In preparation for the Cosmos Network launch, planned for Week 9, as well as the sister network IRISnet, at Cryptium Labs our priority during Game of Stakes was to test our physical infrastructure and the Cosmos stack, not only the protocol, but also all the components that validators would use.

We explain the options we considered for mainnet and how it led Adrian Brink to work on the integration of the KMS with the Ledger Nano S, which provides double-signing protection for all the slashing conditions that Tendermint has in hardware, which makes our validator resilient even against host compromise.

Old Swiss key

Background

From our experience of running a validator (baker) for Tezos in production in addition to offering a public validation service since July 2018, we knew that launching with double-signing protection in hardware was a requirement, specially in the case of Tendermint Consensus networks, where safety faults are severely punished and where delegations are slashable.

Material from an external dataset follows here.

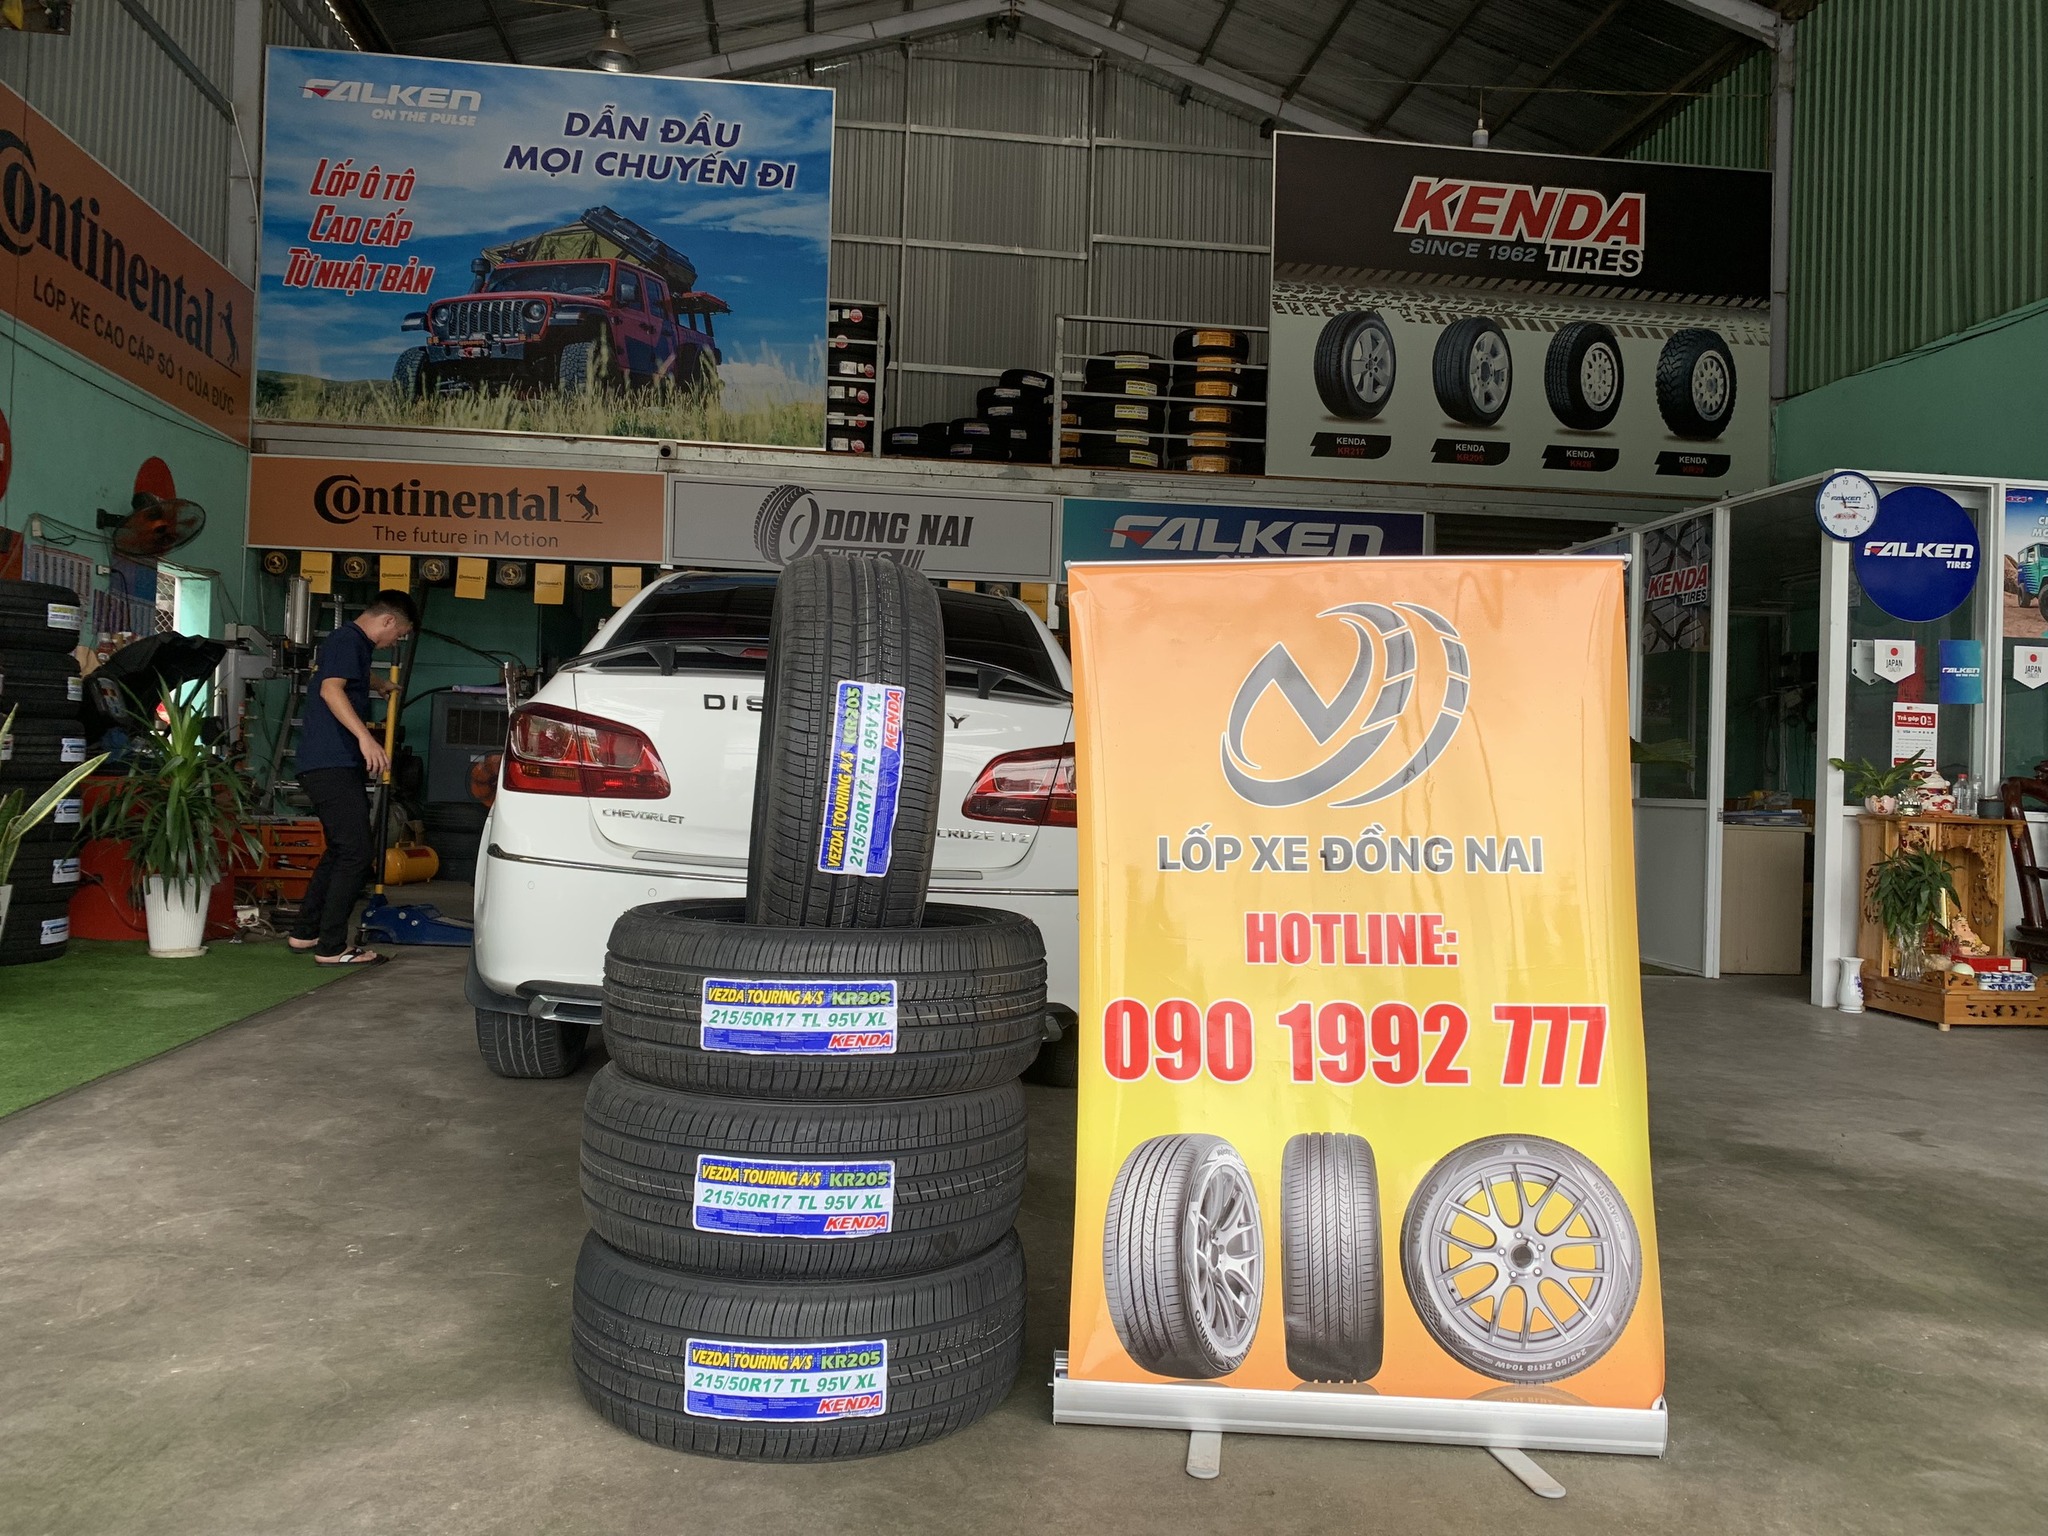 TƯ VẤN : Thay lốp xe Chevrolet Cruze ở Biên Hoà, Đồng Nai.
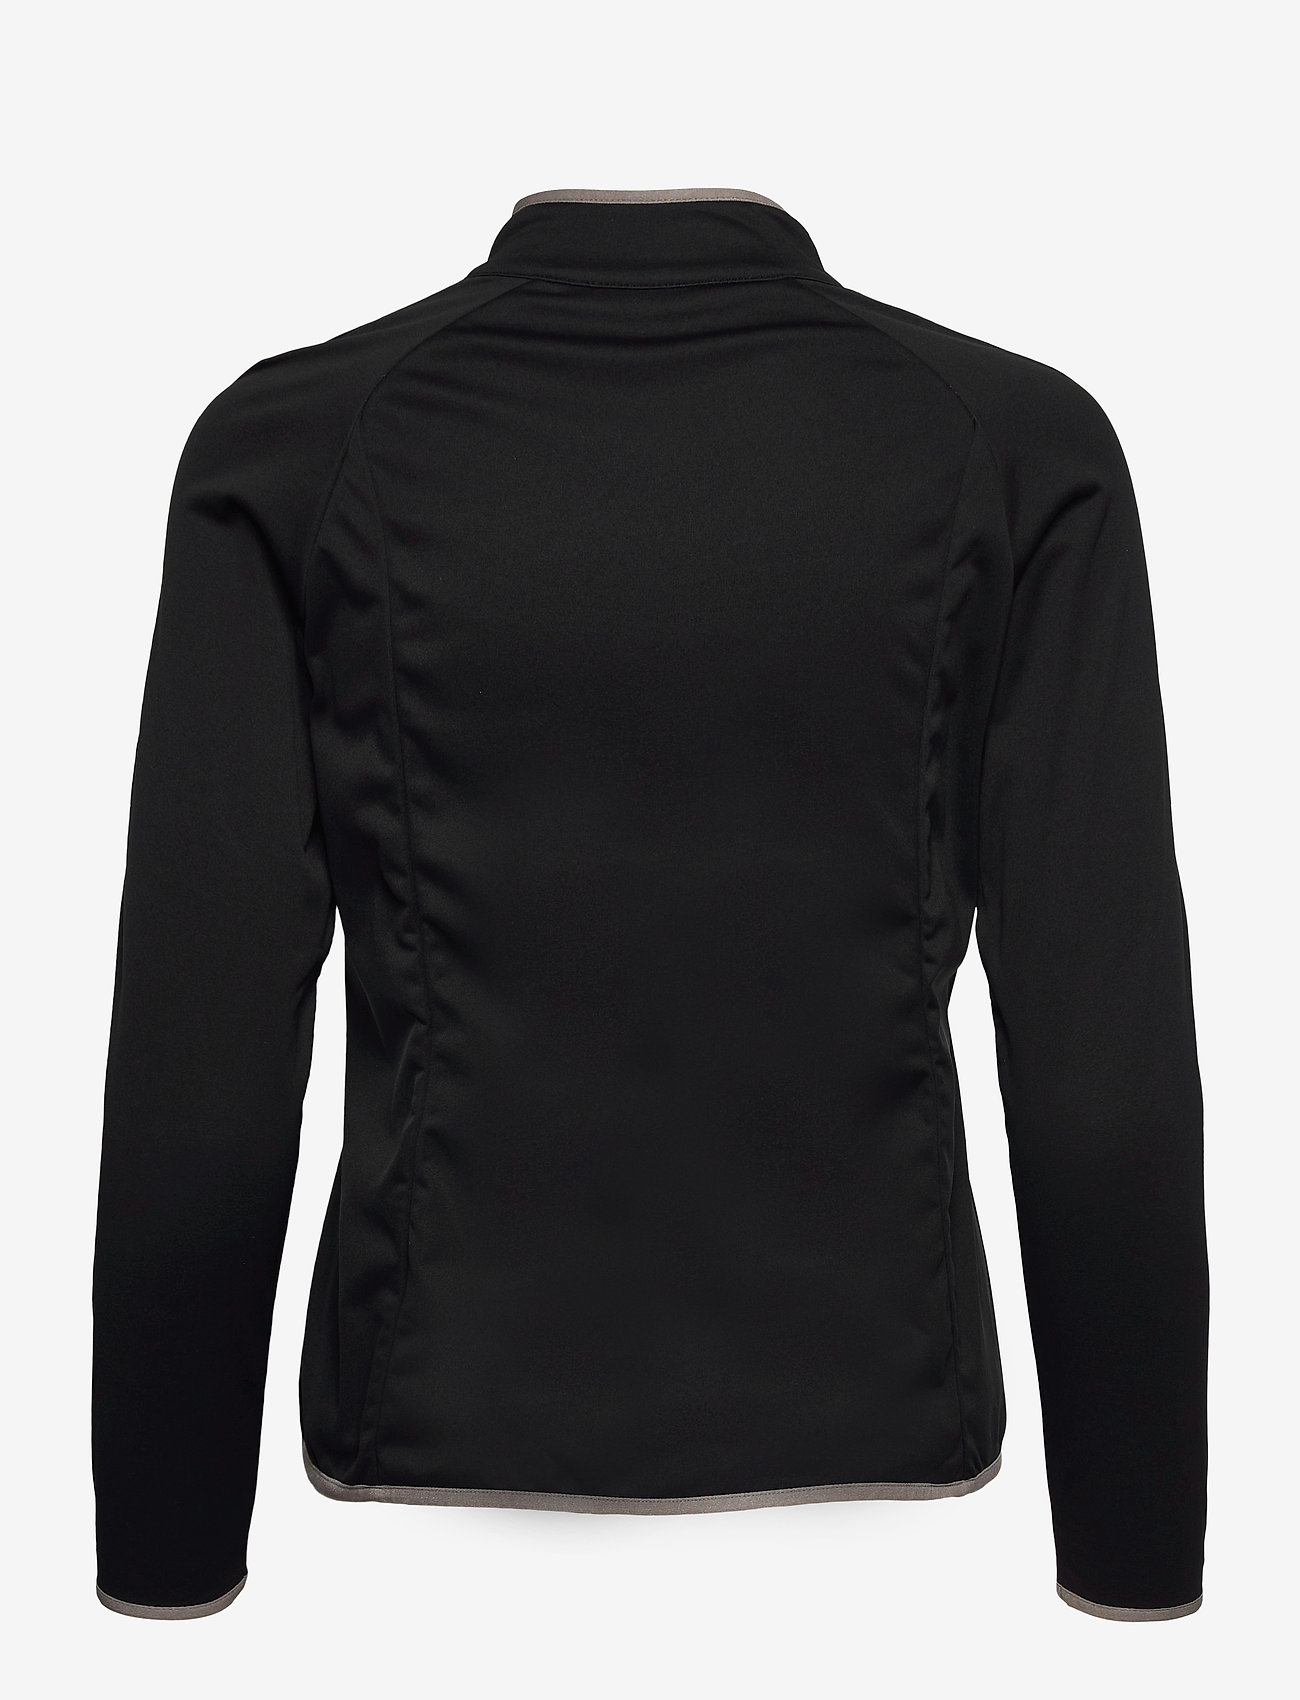 Röhnisch - Hybrid jacket - black - 1

As Game of Stakes was finishing, it seemed that launching with in-hardware double-sign protection would not be a priority for the Tendermint team (it was tagged as non-launch critical). Although, there were some available solutions developed by validators, their double-signing protection did not meet our security standards.

Why Prioritise Safety Over Liveness?

At the time of writing Cosmos’ exact PoS parameters are not yet defined, making it hard to estimate the actual losses and gains in the event of safety or liveness faults. In the case of Tezos, it is cheaper to go down for 24 hours and lose the rewards, than to risk double signing once, due to misconfigurations in automatic failover systems or host compromise (link to the double-signing article on Tezos). Considering that Tendermint Consensus based networks, such as Cosmos, prioritise safety over liveness and that in Cosmos the delegated tokens are at stake, the losses in an event of a single fault will be larger than being offline for a small amount of time and performing manual failover.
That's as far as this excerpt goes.